Abstrak
Maskulinitas Kulit Putih Dalam Burmese Days Dan Shooting An Elephant Karya George Orwell (The Masculinity of White Men in George Orwell’s Burmese Days and Shooting An Elephant)
Nenden Rikma Dewi, Aquarini Priyatna, Yati Aksa
Universitas Padjadjaran, Metasastra, Vol. 6 No. 2, Desember 2013: 103—114
Bahasa Indonesia, Bahasa Inggris
Universitas Padjadjaran, Metasastra, Vol. 6 No. 2, Desember 2013: 103—114
dan identitas, Identity, inferioritas, inferiority, masculinity, maskulinitas, superioritas, superiority
Orwell menjadikan pengalaman hidupnya sebagai bagian dari setiap karyanya dan menggunakannya untuk menyampaikan berbagai gagasannya. Melalui novel Burmese Days dan sebuah esai berjudul Shooting an Elephant yang keduanya saling berkaitan, Orwell mengemukan gagasannya mengenai wacana kolonialisme di wilayah koloni Inggris di Burma. Isu yang terkadang luput dalam pembacaan karya Orwell adalah isu gender. Oleh karena itu, kajian ini akan menganalisis bagaimana maskulinitas laki-laki kulit putih dipaparkan dan faktor-faktor pendorong atau penghalang maskulinitas tersebut. Agar dapat menganalisis isu tersebut, kajian ini menggunakan pendekatan yang ditawarkan Mosse, Bhabha dan Sinha mengenai maskulinitas dalam wacana poskolonial. Berdasarkan analisis yang dilakukan, kajian ini dapat menunjukkan bahwa maskulinitas laki-laki kulit putih koloni Inggris di wilayah Burma, khususnya Kyauktada disebabkan oleh konsep mereka mengenai isu superioritas dan inferioritas.
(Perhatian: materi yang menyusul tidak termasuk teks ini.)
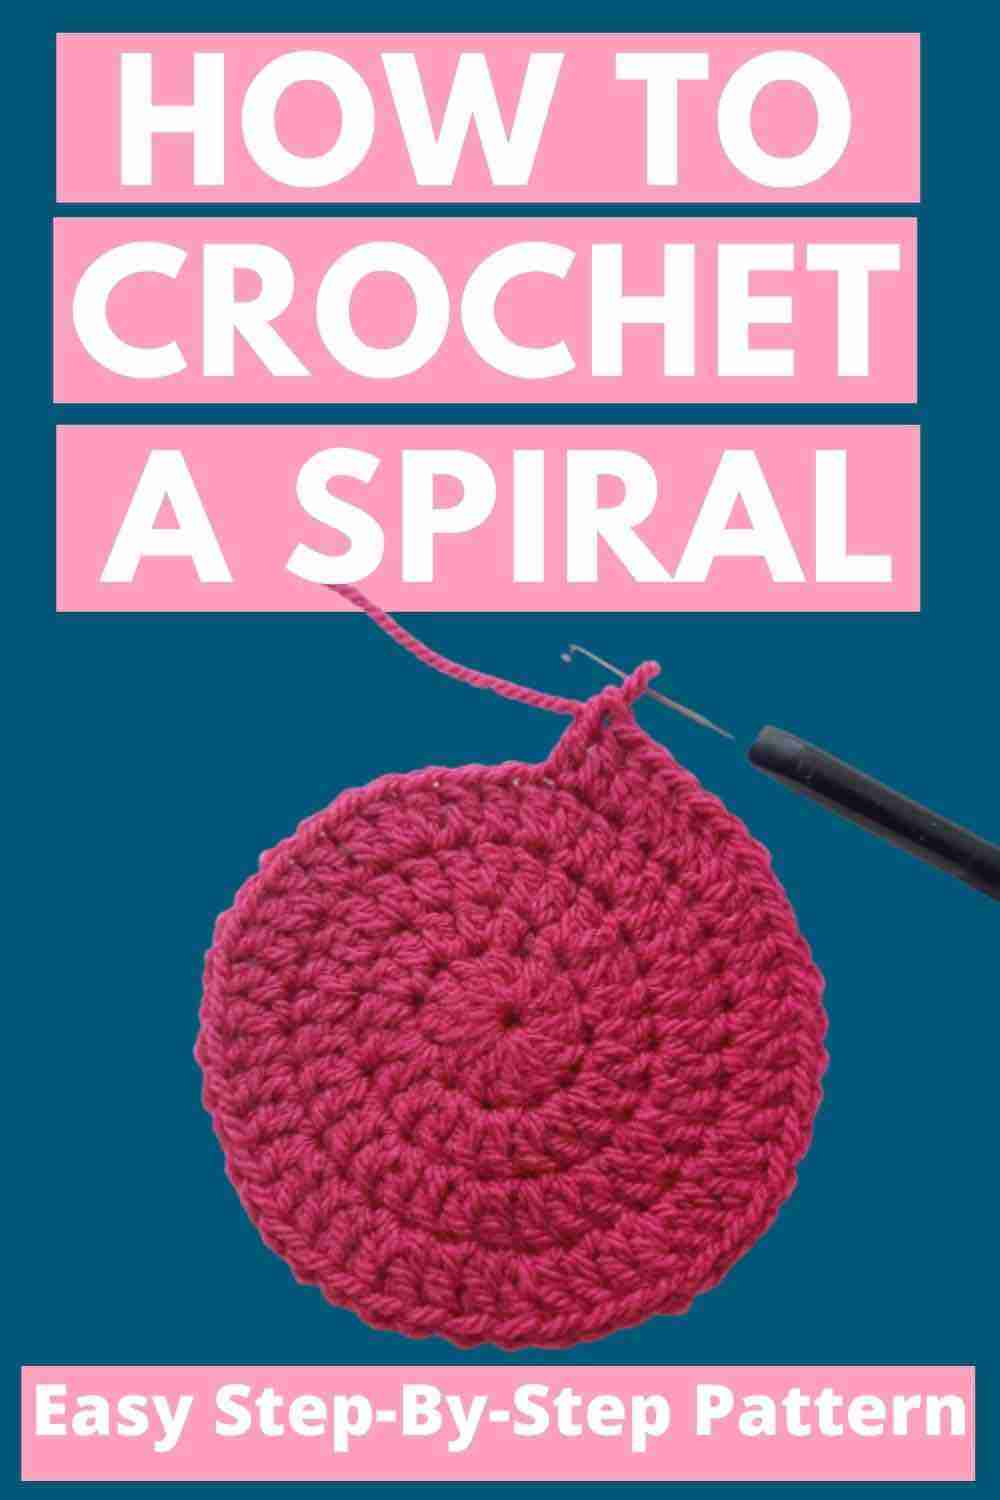 How-To-Crochet-A-Spiral-Step-by-Step-Tutorial.

Orwell made his life experiences as a part of his works and used them to convey a variety of his ideas. Through his novel entitling Burmese Days and his essay called Shooting an Elephant, both of them were related to, Orwell wrote his ideas about discourse of colonialism in the British colony in Burma. A peculiar issue in Orwell’s work is the gender issue. Therefore, this study shows masculinity of white men, and the factors motivating or obstructing such masculinity. In order to analyze these issues, this study applies George Mosse’s (1996), Homi K. Bhabha’s (1995) and Mrinalini Sinha’s (1995) approach on masculinity in postcolonial discourse. Based on the analysis, this study is to provide the assumption that masculinity of white men in the British colony in Burma, particularly Kyauktada, was caused by their concept of superiority and inferiority.